На первой странице он вывел крупными буквами: «МОЙ ОТЕЦ». Потом подумал и написал: «Мой отец — офицер. Он командует солдатами. Солдаты любят своего командира».
Он поставил точку и задумался. Он не знал, что писать дальше.
Давно, когда Димка был совсем маленьким, они жили вместе с отцом в далеком гарнизоне, в Забайкалье. Почему-то Димке запомнилось: солдаты возле казармы набивают матрасы соломой. Матрасы получаются круглые, неуклюжие, словно огромные колбасы. Солдаты плашмя падают на них, подпрыгивают и хохочут. И Димка тоже прыгает на колючем матрасе и хохочет. Но разве об этом напишешь в сочинении?
Потом отца послали служить на юг, в пустыню, а Димка с мамой поехали к бабушке. Мама училась тогда в заочном институте, сдавала экзамены, а Димке скоро пора было в школу.
Отец приезжал в отпуск. Он был загорелый и обветренный. Димке нравилось, что отец служит в суровых, пустынных краях. И не нравилось, когда отец переодевался в гражданский костюм. Будь Димка военным, он бы никогда не стал снимать форму. О своей службе отец почти не рассказывал, говорил только: «Песку много. Заносит. А так все в порядке. Нормально».
Димка в задумчивости покусывал ручку, стараясь вспомнить что-нибудь такое, о чем бы стоило написать. Потом написал:
«Мой отец смелый. Он не раз прыгал с парашютом».
Вот тут хорошо было бы рассказать о каком-нибудь особенном случае — бывают такие случаи, Димка сам читал. Вдруг парашют не раскроется и солдат спасает своего командира — подхватывает на лету, и они вдвоем приземляются на одном парашюте. Но с его отцом никогда не происходило ничего подобного. Да если бы и произошло, он бы, наверно, ни за что не рассказал — чтобы мама не волновалась.
Когда Димка садился за сочинение, ему казалось — целую тетрадь испишет. А теперь ничего не получалось. Димка вздохнул.
— Ну-ка, покажи, что ты пишешь, — сказала бабушка.
Димка покраснел и прикрыл страницу рукой.
Бабушка рассердилась:
— Скрытный, весь в мать…
Удивительно — Димка давно уже замечал, что бабушка больше любит его отца, чем маму, хотя мама ее родная дочь. Бабушка считала, что мама обязательно должна была поехать к отцу в пустыню.
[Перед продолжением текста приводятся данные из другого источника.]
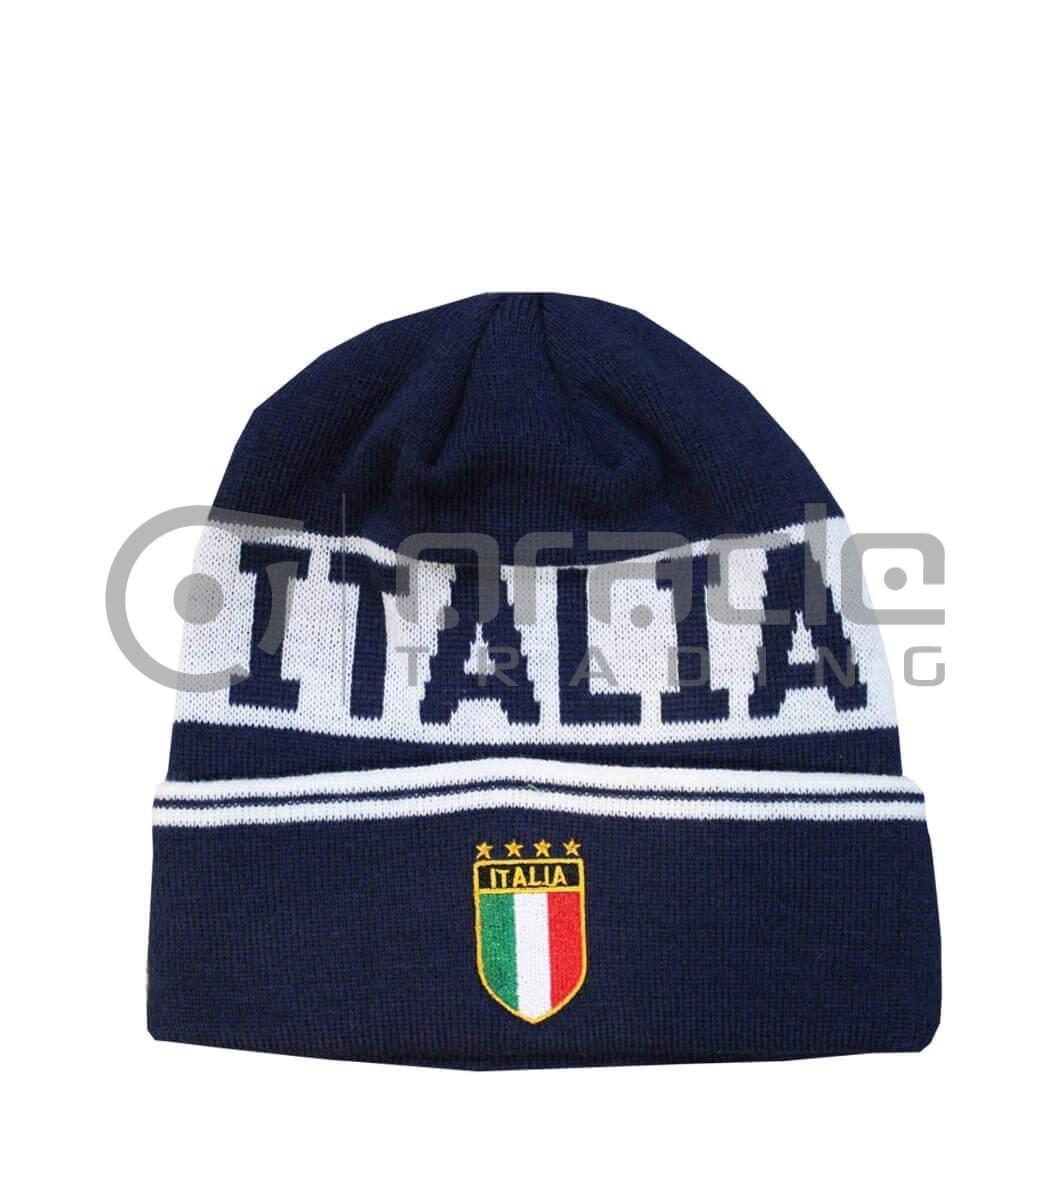 Italia Fold-up Beanie (Navy)

Вообще Димкина бабушка не похожа на других бабушек: она ходит на лыжах, играет в шахматы и любит петь арию Кончака из оперы композитора Бородина «Князь Игорь». Вернее, не всю арию, а только одну фразу: «Что ты, князь, призадумался?..» И еще она пишет воспоминания.
Димка подождал, пока бабушка отошла, и вывел: «Раньше мой отец служил на юге. Там было очень жарко и много песку. А теперь папу перевели. И скоро мы поедем к нему».
Сочинение получилось очень коротким, но все равно учительница поставила за него четверку. А в «Пионерской правде» его, конечно, не напечатали.
…Отец совсем отпустил Димкину руку. А потом вдруг снова сжал — да так, что Димка ойкнул.
— Вот что, Дмитрий, — сказал отец, — сегодня из-за тебя получат взыскания два человека — Лебедев и командир взвода. Тебе это нравится?
— Не нравится, — сказал Димка.
— Вот видишь — не нравится… — сказал отец и спросил неожиданно: — А страшно было на вышке? Небось коленки дрожали? — Он засмеялся. — Для меня, например, хуже не было — прыгать с этой вышки. Лучше с самолета.
— Сначала страшно было. Еще как! — возбужденно заговорил Димка и тут же вспомнил о Лебедеве. Ему показалось, что сейчас самое время попросить за Лебедева.
— Пап, он же не виноват…
— Я сам разберусь, кто виноват, а кто нет, — сказал отец жестко.
Навстречу им бежал солдат с красной повязкой.
— Товарищ капитан, вас в штаб вызывают! Срочно!
— Хорошо. Иду. А ты, Дмитрий, ступай домой и скажи матери, чтобы сегодня тебя никуда не выпускала. Понял?
— Понял, — сказал Димка.
Так и закончилось в этот день мужское воспитание. Димка побежал домой. И по-прежнему было ему легко и радостно.
4
Возле казармы солдаты играли в волейбол. Несколько человек старательно чистили сапоги — готовились идти в увольнение. Остальные сидели в курилке.
Димка поискал среди них Лебедева, но его нигде не было.
— Что? Друга потерял? — спрашивали солдаты. Они уже знали Димку. И как он прыгнул с парашютной вышки, тоже знали.
— А друг твой летает. На ШВТ.
— Как летает? — поразился Димка.
— Не знаешь, как летают? Пойди в казарму — погляди. Заодно и поможешь другу.
В казарме Лебедев и еще двое солдат, раздетые по пояс, мыли пол. Лебедев увидел Димку, обрадовался, помахал ему мокрой рукой.
— Лебедев, а что это — ШВТ? — спросил Димка.
— Очень просто, — засмеялся Лебедев. — Швабра. Ведро. Тряпка.
— А-а… — разочарованно протянул Димка. — Это за меня вас наказали?
— Не, — сказал Лебедев. — Это за дружеский шарж.
— За шарж?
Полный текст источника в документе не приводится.